I. J. Good is said to have said that we can know someone’s priors by their posteriors. Suppose that Alice has the following disposition with respect to the measurement of an unknown quantity X: For some finite bound ϵ and finite interval [a, b], whenever Alice would learn that:
- The value of X + F is x where x is in [a, b], where
- F is a symmetric error independent of the actual value of X and certain to be no greater than ϵ according to her priors, and
- the interval [x − ϵ, x + ϵ] is a subset of [a, b]
then Alice’s posterior epistemically expected value for X would be x.
Call this The Disposition.
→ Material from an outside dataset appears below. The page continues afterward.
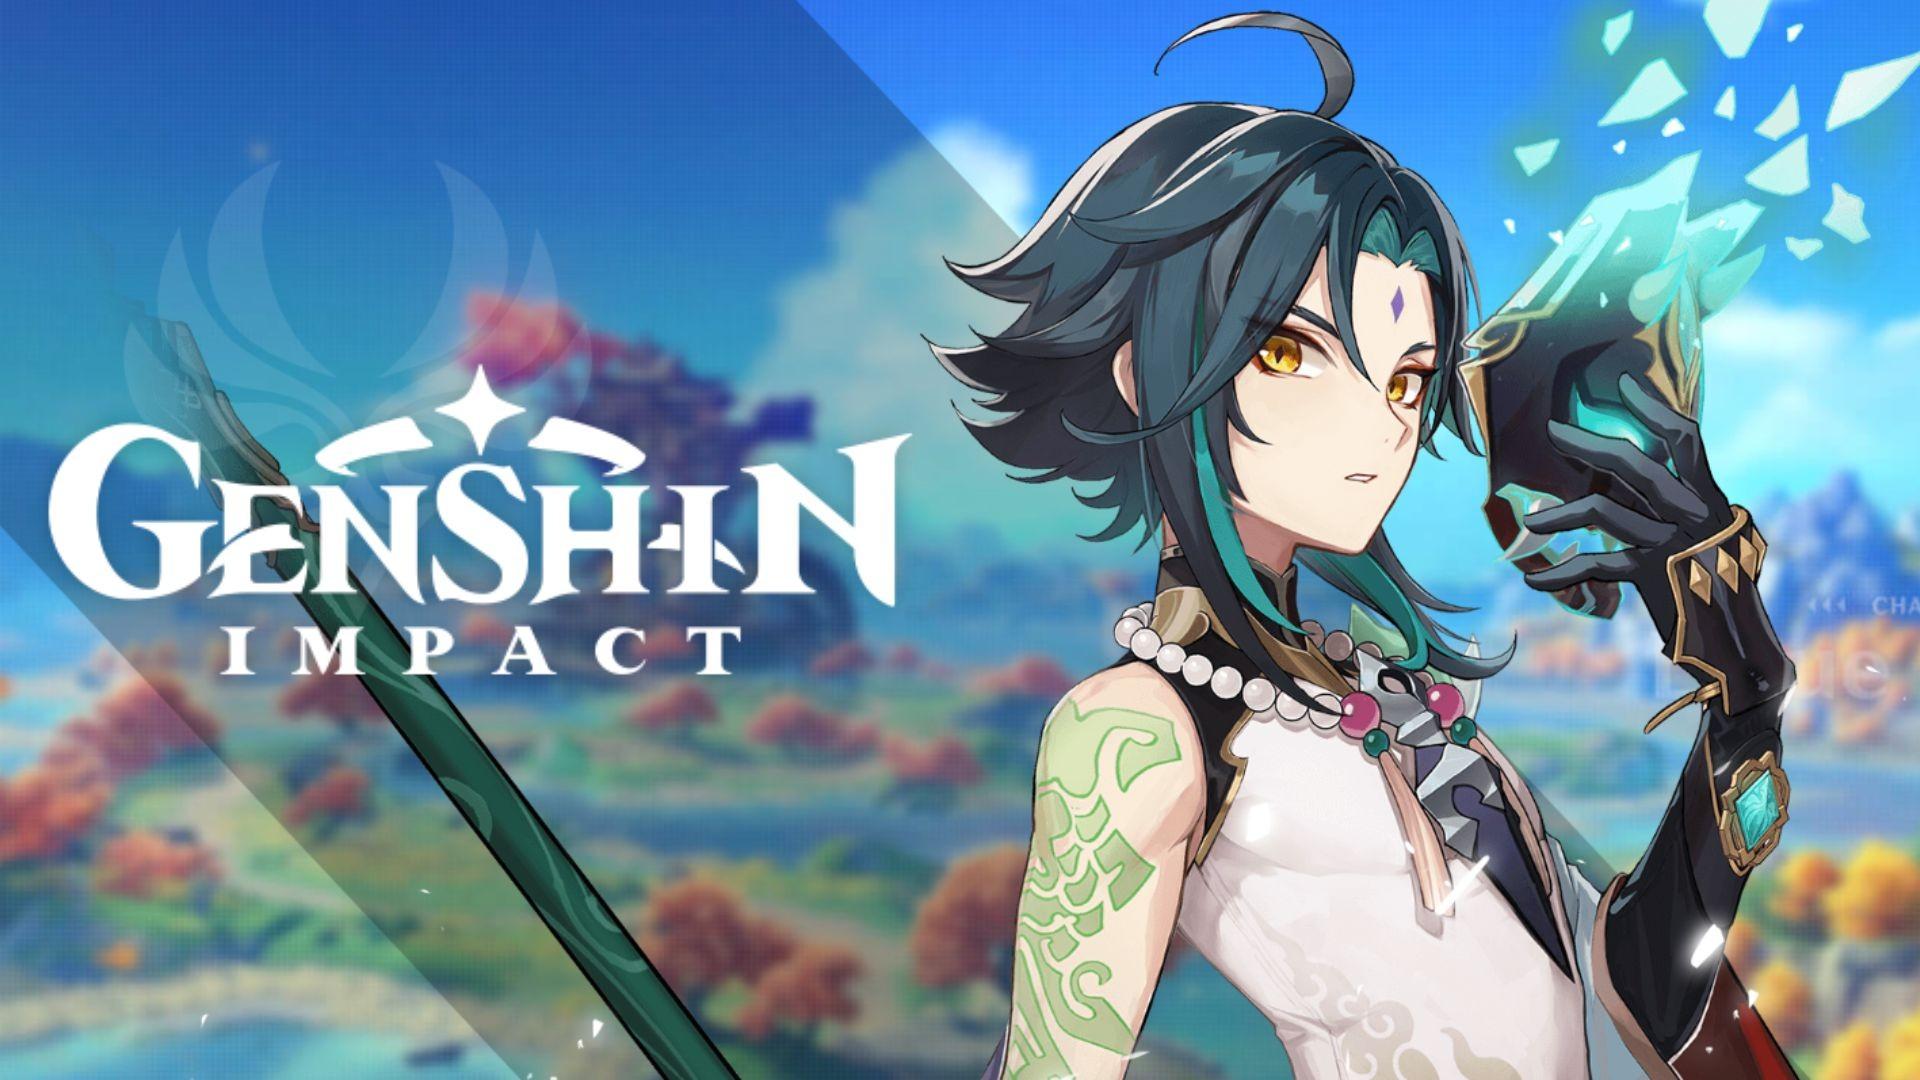 Genshin Impact Free Wallpaper

Many people seem to have The Disposition for some values of ϵ, a and b. For instance, suppose that you’re like Cavendish and you’re measuring the gravitational constant G. Then within some reasonable range of values, if your measurement gives you G plus some independent symmetric error F, your epistemically expected value for G will be probably be equal to the number you measure.
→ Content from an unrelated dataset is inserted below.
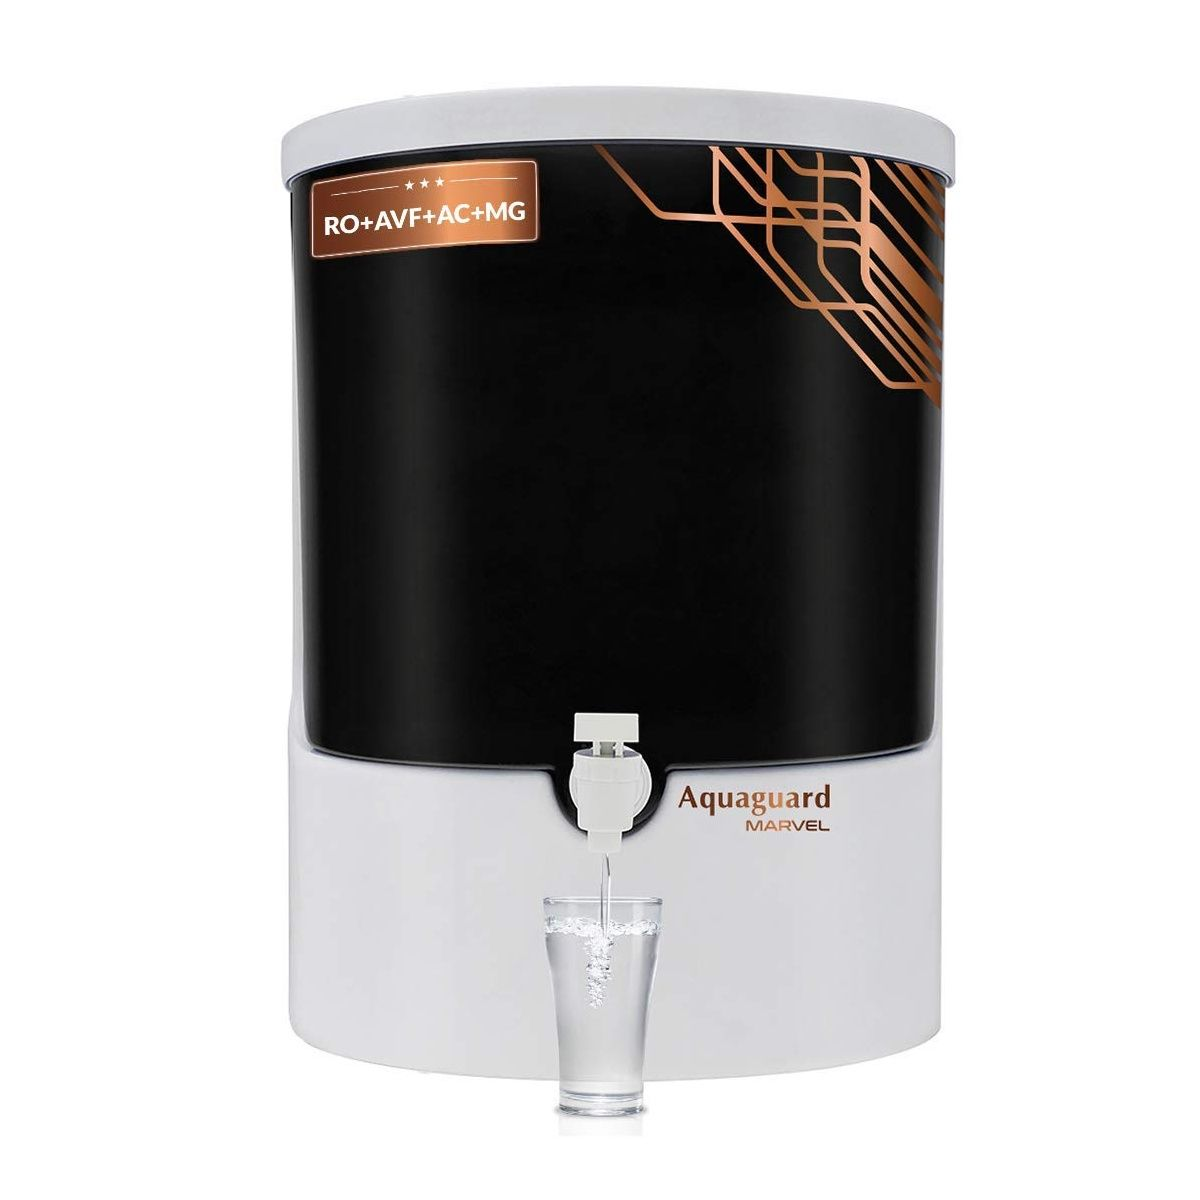 Aquaguard Marvel Water Purifier

Fact. If Alice is a Bayesian agent who has The Disposition and X is measurable with respect to her priors, then Alice’s priors for X conditional on X being in [a, b] are uniform over [a, b].
So, by Good’s maxim about priors, someone like the Cavendish-like figure has a uniform distribution for the gravitational constant within some reasonable interval (there is a lower bound of zero for G, and an upper bound provided by the fact that even before the experiment we know that we don’t experience strong gravitational attraction to other people).